Of these four men, my favourite would be Hal. I often found myself tempted to skim other narratives in order to catch up with his side of the story. As a young man, really just on the cusp of adulthood, his dialogue and sometimes painfully reserved view of himself and the world around him was so completely endearing. I found him (and all of them, really) an incredibly three-dimensional and believable character and in some of the actions he took in the book, perhaps the most brave. He stepped outside of himself on so many occasions to take what he wanted. I would dearly love to read more of Hal as an older man, to see where his story goes. I hope the authors have plans to feature him in another novel at some point.
The plot of the book is relatively simple and serves merely as a backdrop to the world building and character development. I did not mind this. Though I did find myself wondering at about the half-way point if there was in fact a plot? Again, I didn’t mind. I was far too involved in the relationships between Royston and Hal and Rook and Thom to care. Things do move forward and these four men are drawn together to solve a mystery that threatens both the magicians and the dragon corps as the war between Volstok and the neighbouring nation of Ke-Han re-ignites. The climax of the book passes rather swiftly and with very little action, but the tension is still palpable as portrayed though the narratives of the four main characters.

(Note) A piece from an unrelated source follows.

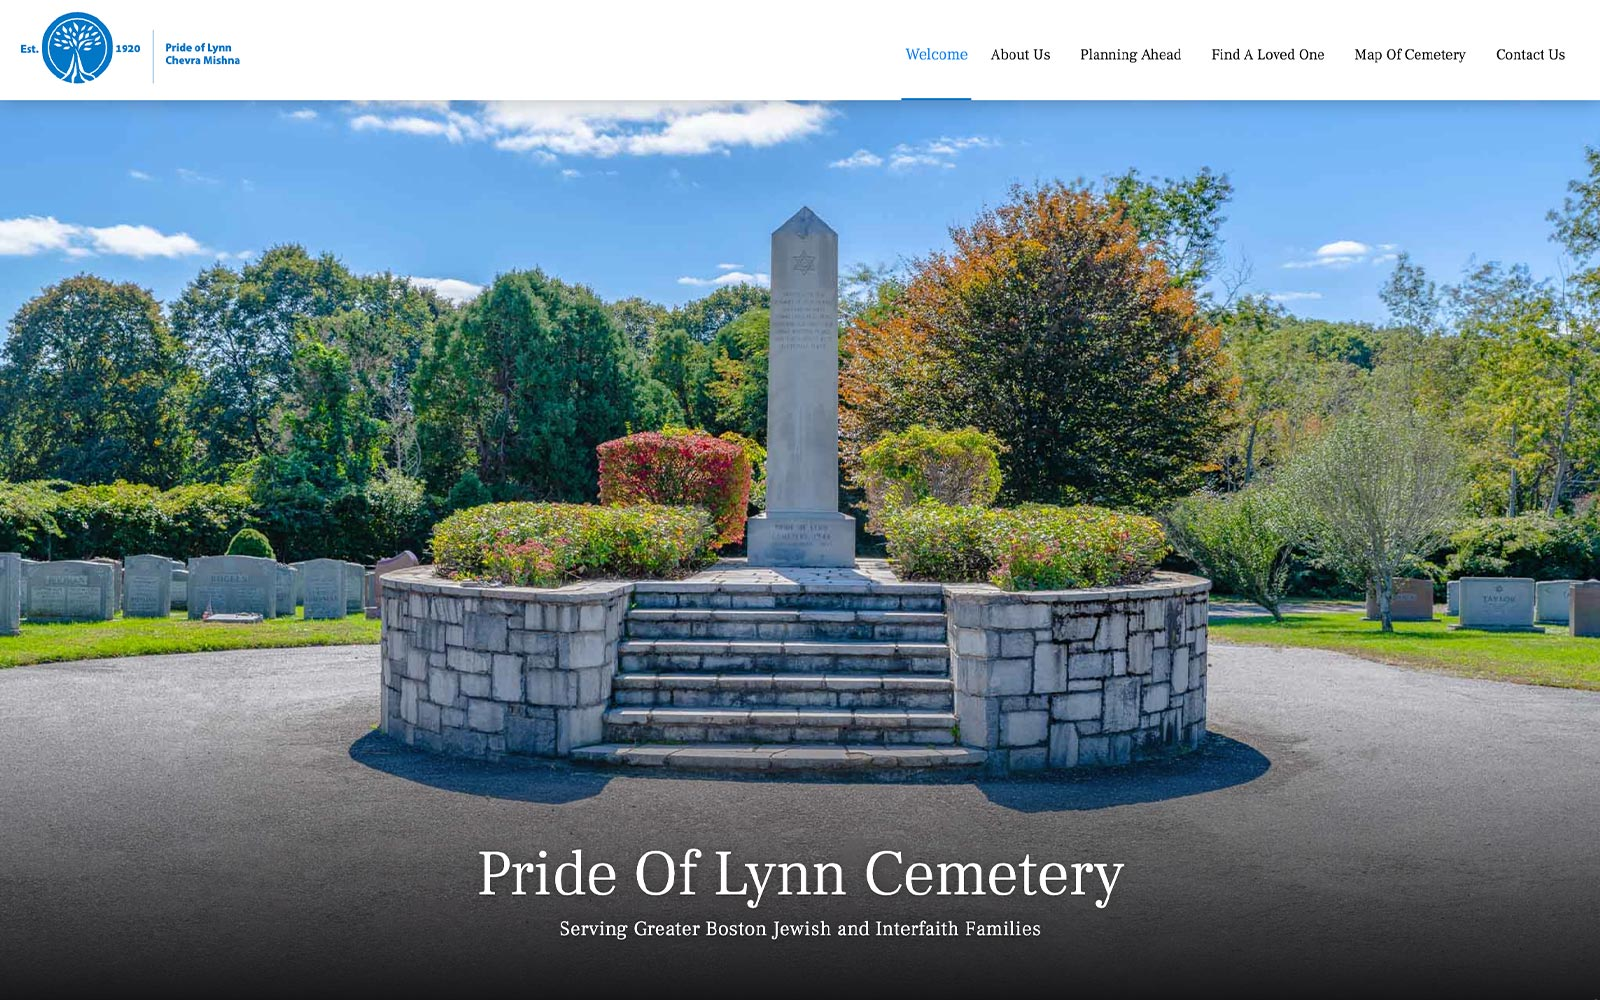 Pride of Lynn Cemetery

All in all, I really enjoyed this book. It’s not without fault and will lose some readers early on due to the male-dominated point of view and homosexual relationships. Those looking for intricate battle sequences and typical dragon lore may be disappointed. But I think the majority of readers will be caught up, nonetheless, for two reasons which are closely related. The writing is superb. It flows. There are laugh out loud lines and descriptions that read like poetry. The dialogue is spot on and because the book is so well written, you can almost pick it up and open it at any point, not knowing whose point of view you are reading and guess it strictly from the narrative and dialogue. These four personalities were that distinct. The story tells itself and besides the four main characters there is a cast of secondary characters that are far from flat and was happy to discover some of them feature more prominently in the sequels.
‘Havemercy’ ranked number eight in a list of the top twenty books of 2009, as put together by Deborah J Miller, the award administrator for the The David Gemmell Legend Award for Fantasy, from votes received on the long-list, http://www.sfcrowsnest.com/articles/news/2009/Top-twenty-fantasy-books-for-2009-14080.php . The follow up novel, ‘Shadow Magic’ is on the current list, according to the Legend website. I’m looking forward to reading the second and third books in this series which, happily, have both already been published.